I can say the same about dozens of articles on this site. The same thing is said here by KNOWING PEOPLE, for example in the discussion of a recent article "on statistics".

And yet you, my colleague, are taking on the eurik at once. The Euro is NOT a legitimate currency at all. And its price involves a collection of various flows from 20+ DIFFERENT countries. Therefore it is 20 times harder to predict the EUR than any other pair.

I say this only out of respect for your courage and lack of arrogance that other pushy article and post writers here suffer from.

Shapkozakidateli, damn it (it is not about you).

There is NOT enough science to justify it - you don't need to. What, for example, is a sufficient scientific justification for ZZ? They are lines drawn with a ruler on a graph.

The REASON is to create a profitable TS. This task is the same for everyone on this forum.

The euro is NOT a legitimate currency at all. Consequently, predicting the eurik is 20 times harder than predicting any other pair. - Do you have any studies that suggest this conclusion? Did you draw it yourself? How?

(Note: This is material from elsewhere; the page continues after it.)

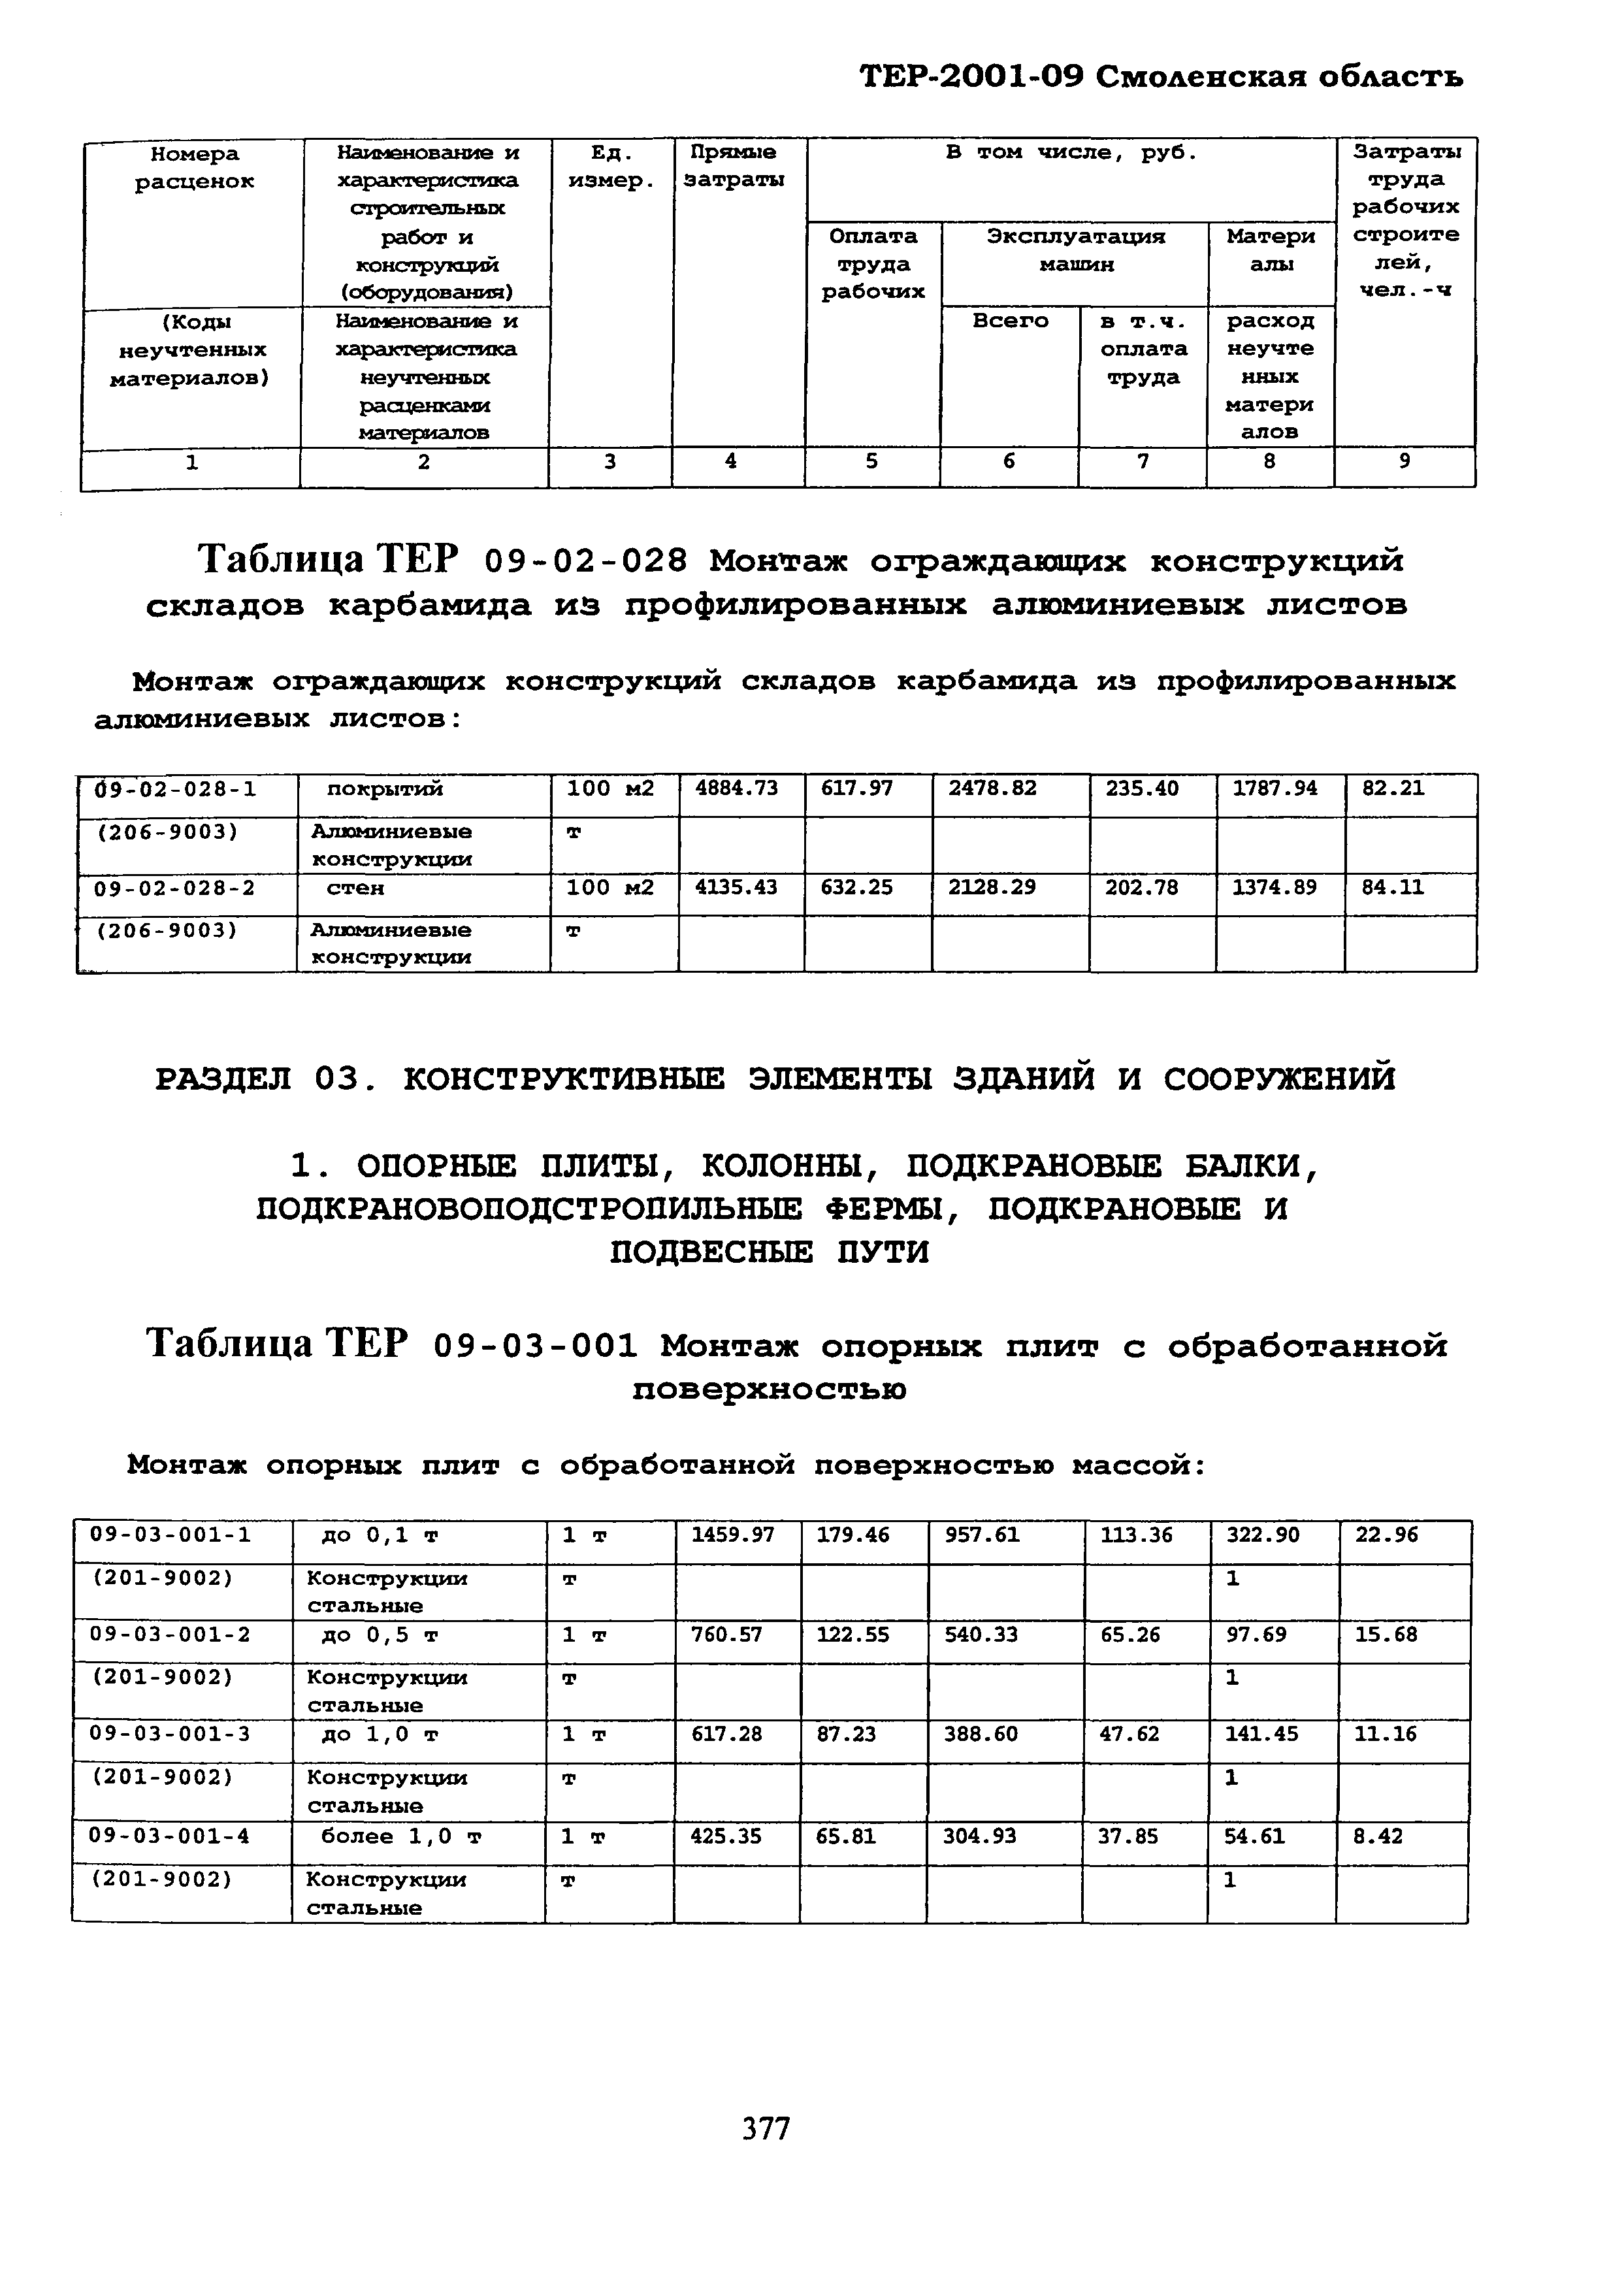 ТЕР Смоленской обл. 2001-09

Why should people write in vain? - This is correct! We must simply obtain the results of this method on the demo account and discuss on their basis. If we are going to use this method, we'll see if the indicator will give good results.

 
Demi:

The euro is an ILLEGAL CURRENCY altogether. Accordingly, predicting the eurik is 20 times more difficult than predicting any other pair. - Do you have any studies that reflect this conclusion? Did you draw it yourself? How?


Yeah right here, wrote here on the forum in the summer of 2009:

https://forum.mql4.com/ru/24358#187696

"The euro is a non-existent currency of a non-existent state. That's why it's so twitchy."

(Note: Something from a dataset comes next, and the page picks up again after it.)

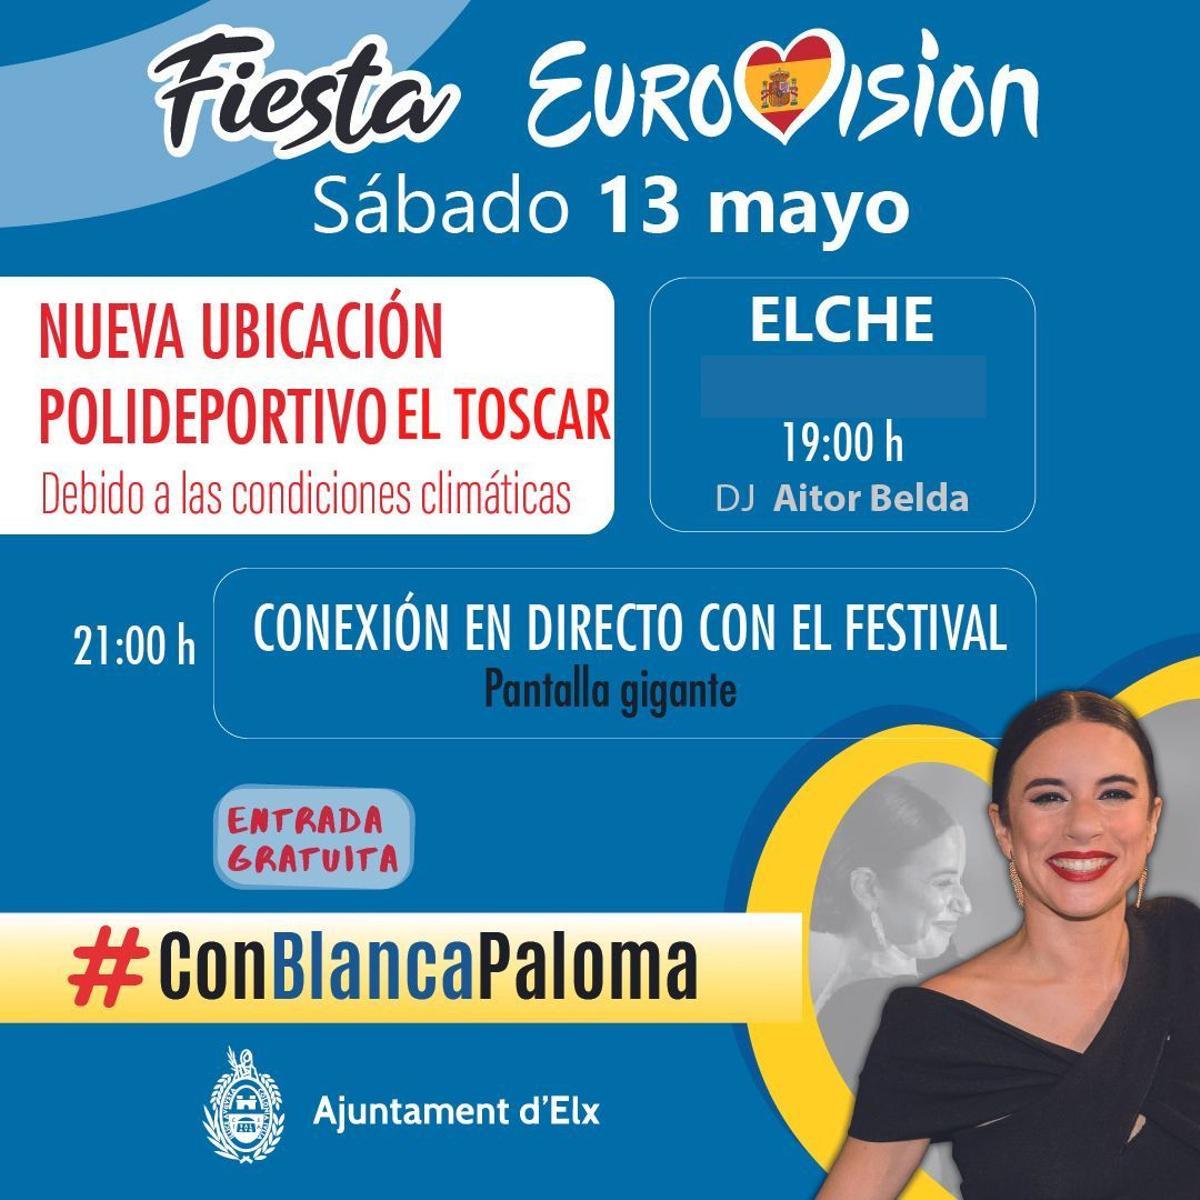 El anuncio municipal del traslado de la fiesta al polideportivo de El Toscar para la actuación de Blanca Paloma en Eurovisión

EU countries don't have a constitution. No constitution - no state. No state - no legitimate money from that mythical state.

It's all these "financiers" who have now realised that all this euro stuff is illegal, and are clucking about "saving" the eurik. They should have just read the MQL4 forum before. now it's too late.

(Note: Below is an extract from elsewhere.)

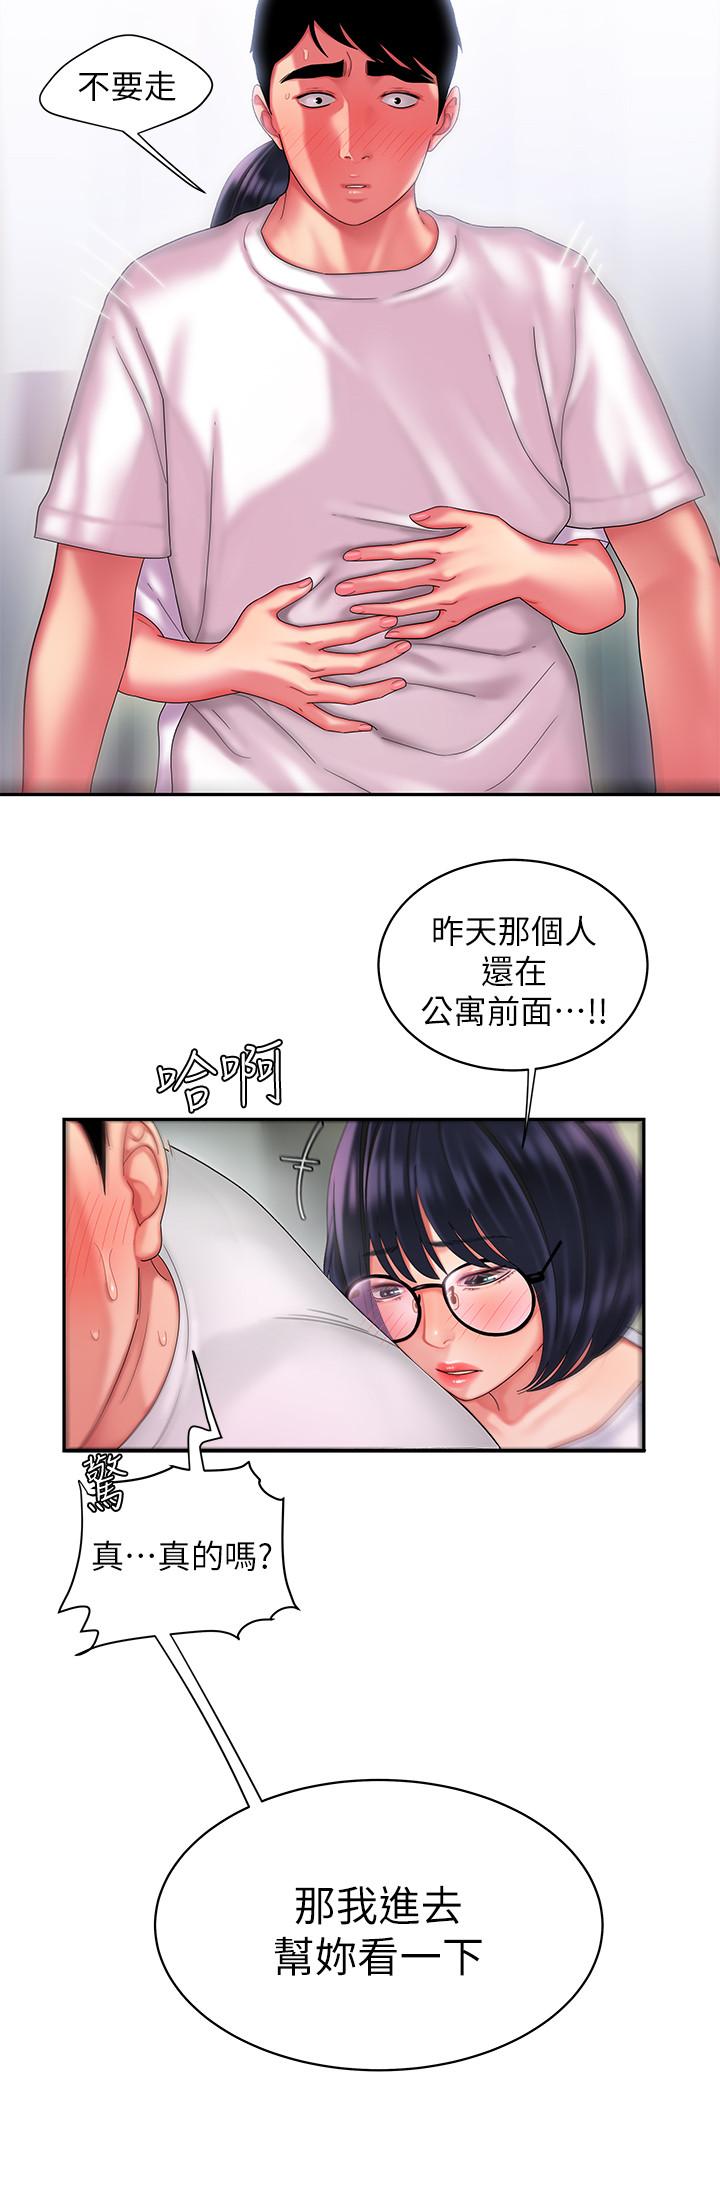 韩国污漫画 幸福外送員 第19话-让人变得愉悦的胸部 19

Nothing is going to work for them. Law is above currency. And without law, the only valid currency becomes good old gold (for guarantees, collateral and security of funds) and silver (for small day to day current settlements).

 
AlexEro:

"The euro is a non-existent currency of a non-existent state. That's why it's so twitchy."

Have you researched the volatility of different currencies and comparing it found an abnormal value specifically for the euro? Or how did you come to that conclusion? "Twitching" is that in terms of economist-mathematician-cybernetics, practically "econometrics"?
 
AlexEro:

Thanks for the post.

But knowledgeable people need a clearer formulation of the CHALLENGE and the METHOD,

I don't really understand the problem, but I'm trying to compensate by using a standard package. I have a very wide range of mating tools. Got the systematicity of the tool instead of trying to apply any single tool.

I have tried to solve the problem of applicability of initial conditions of the method to the given problem.

I tried to solve the applicability problem by decomposing the unsteady quotient into its components.

And thus you colleague take up the eurik at once.

It's not about the euro. I don't see the approach to justification of predictability by the model. Compliance with all the rules when building the model does not give a tangible increase in the probability of success of the forecast - the same 20-30% turbulence

 
Demi:
Have you investigated the volatility of different currencies and compared it and found an abnormal value just for the euro? Or how did you come to that conclusion? "Twitching" - is that from an economist-mathematician-cyberneticist point of view, practically "econometrics"?
A more thoughtful approach to the posts is desirable. The Euro has a not very clear list of independent variables in the regression equation, I take it.